İslam'ı AB Standartlarına Uydurma Sapıklığı

Haçlıların sinsi baskıları ve dayatmaları devam ediyor. Neler istiyorlar:

BİR: İslam'ın Allah katında tek hak, makbul, geçerli din olduğu inancını bırakmamızı, üç ibrahimi din vardır, onların mensupları da necat ehlidir ve onlar da Cennete girecektir bozuk inancını benimsememizi istiyorlar.

İKİ: Peygamberimizin Sünnetinin, sahih hadislerin, zaruriyat-ı diniyenin AB standartlarına göre ayıklanmasını istiyorlar.

ÜÇ: Dinimizin, Feminizm sapık ideolojine uymayan hükümlerinin kaldırılmasını istiyorlar.

DÖRT: Camilere kiliselerdeki gibi sıralar konulmasını istiyorlardı. Diyanet ilim heyeti bunu kaldırdı, kendilerine teşekkür ediyoruz.

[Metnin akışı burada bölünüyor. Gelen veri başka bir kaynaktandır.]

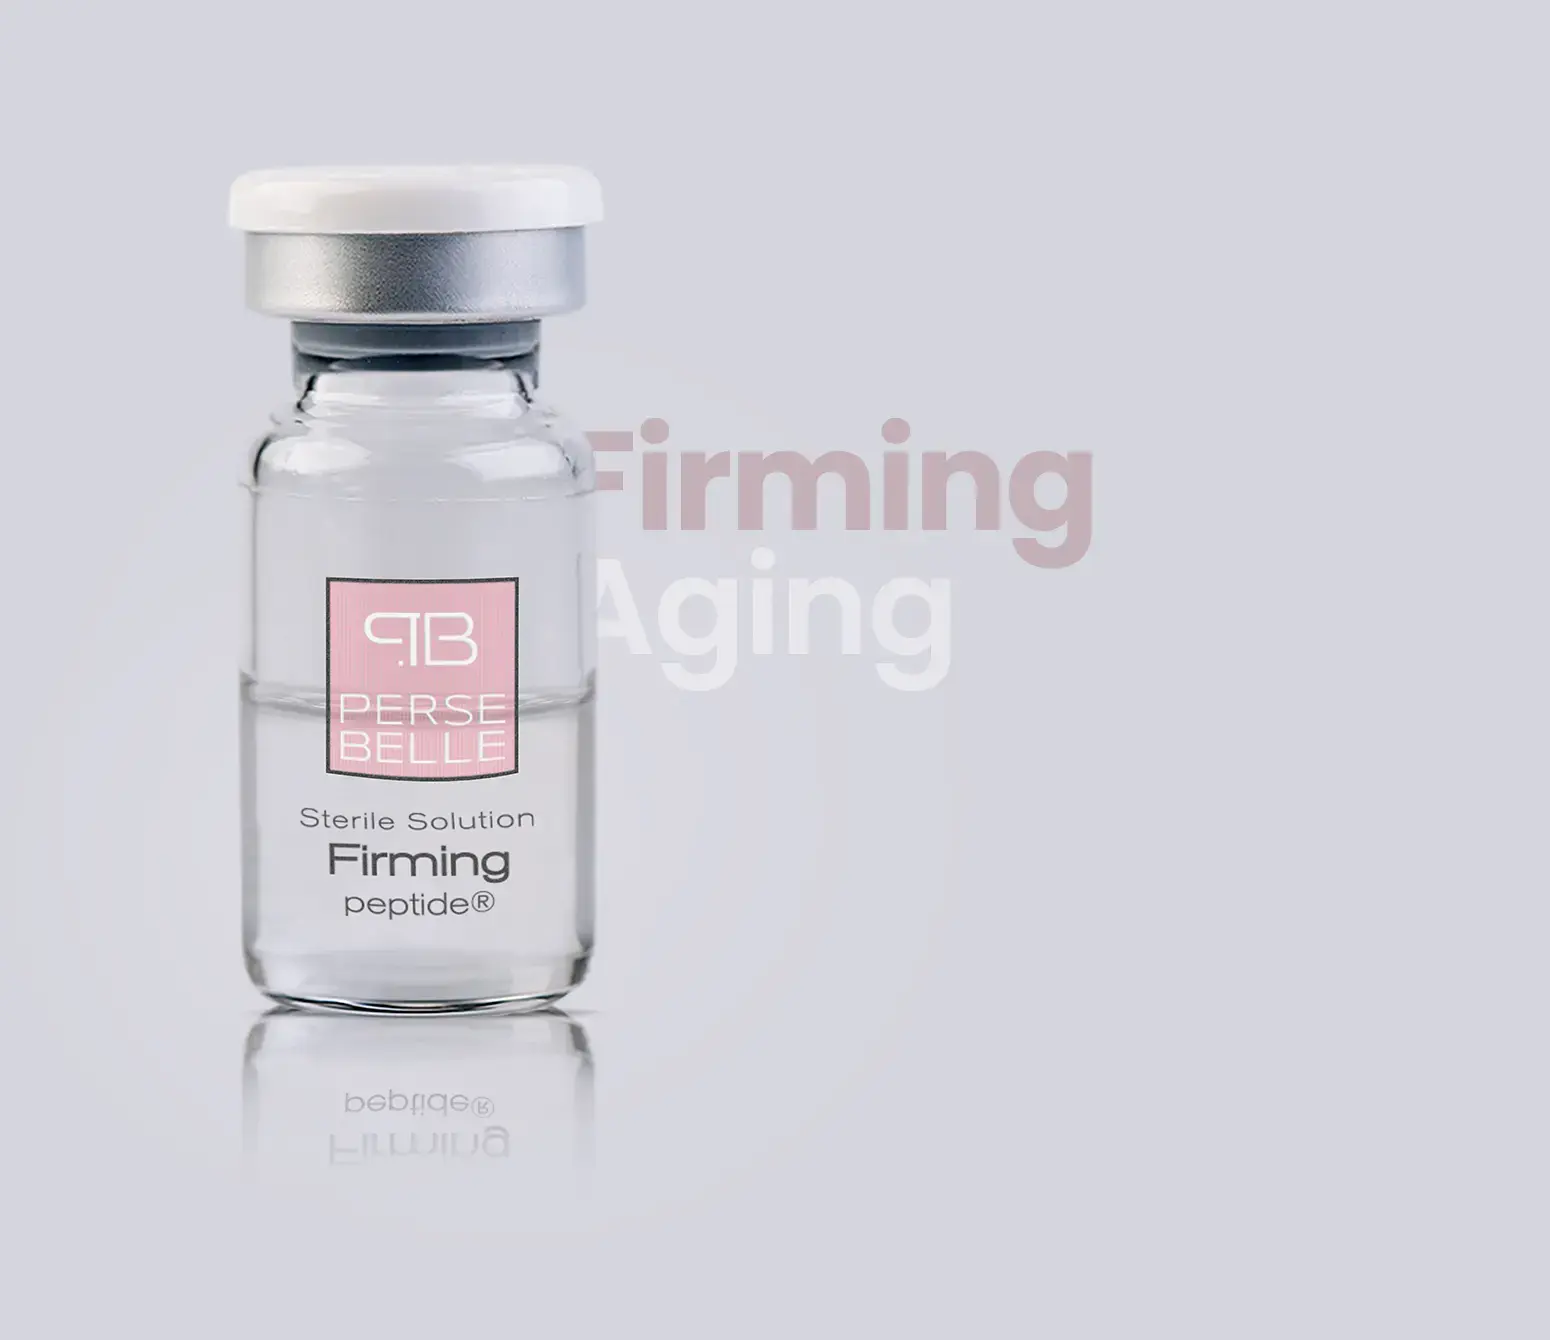 Firming Aging- Persebelle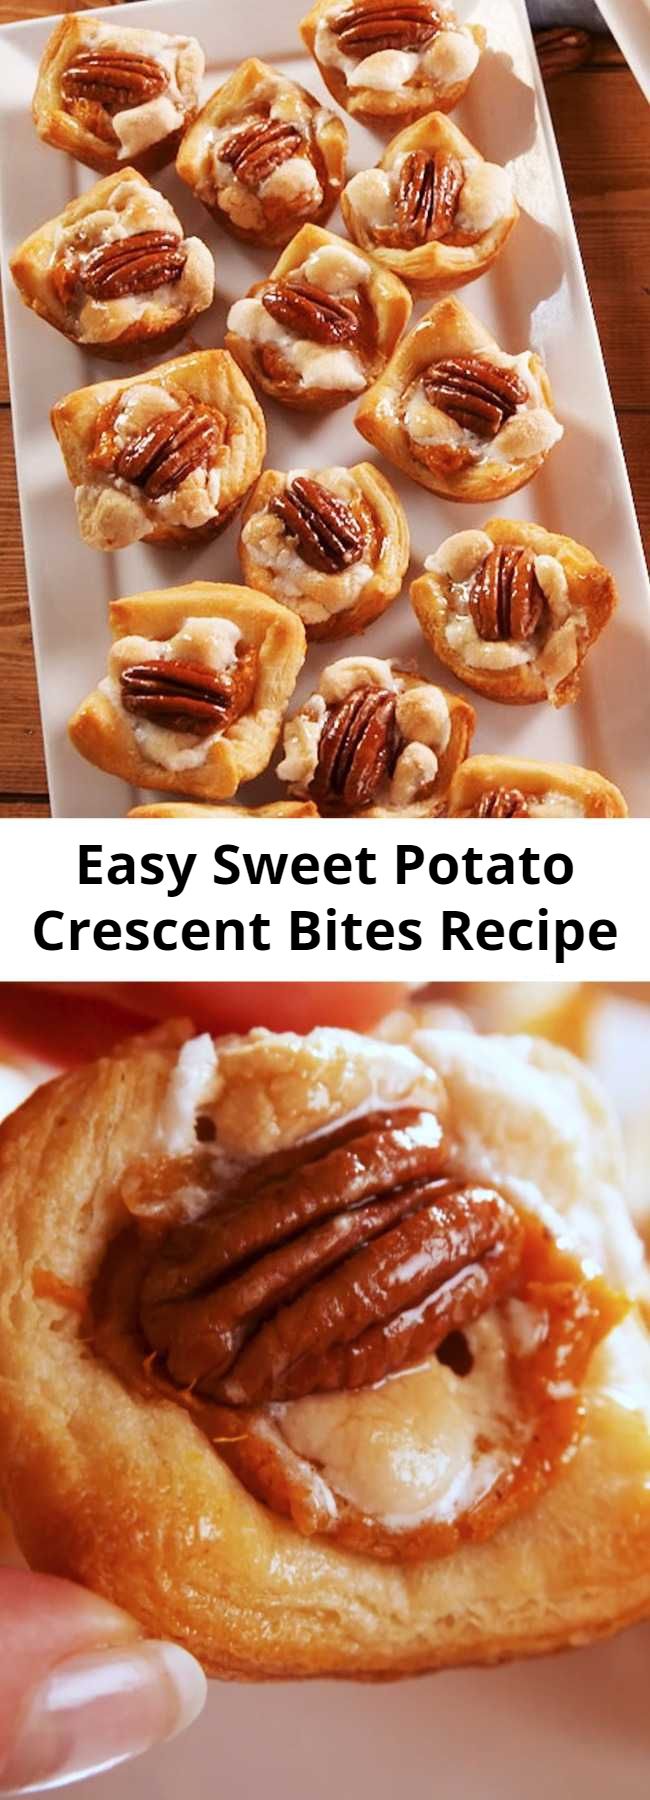 Easy Sweet Potato Crescent Bites Recipe - A guarantee: You will NOT be able to stop eating these little guys. They're the perfect amount of sweet and savory, so you can serve them before or after the big meal! Sweet Potato Crescent Bites from Delish.com are a great appetizer for this Thanksgiving. #easy #recipe #thanksgiving #holiday #app #appetizer #fingerfoods #Pecan #crescentrolls #sweetpotato #potato #marshmallows #minimarshmallows #quick

Allah razı olsun.

BEŞ: Fazlurrahman bozuk mezhebinin kabülünü, Kur'andaki ve Sünnetteki nice kesin emrin tarihsel olduğu, bugün geçerli olmadığı sapıklığının benimsenmesini istiyorlar.

YEDİ: İslam'ı koyu buluyorlar, sulandırılmasını, ılımlı hale getirilmesini istiyorlar.

SEKİZ: Dinde reform, dinde yenilik, dinde değişim istiyorlar.

DOKUZ: Erkekleri camiden cemaatten uzaklaştırırken kadınları camiye getirmek istiyorlar.

ON: Olabildiğince diyalog ve hoşgörü yapılmasını, Müslümanların İslam'dan ödünler vermesini istiyorlar.

ON BİR: Müslüman halkın dinden kopartılarak sekülerleştirilmesini istiyorlar.

ON İKİ: İslam'ın bir tür Protestanlık haline getirilmesini istiyorlar.

ON ÜÇ: İslam'ın hak din olmaktan çıkartılıp bir tür beşeri ideoloji ve hümanizma haline dönüştürülmesini istiyorlar.

ON DÖRT: Şeriatsız, fıkıhsız bir İslam türetmek istiyorlar.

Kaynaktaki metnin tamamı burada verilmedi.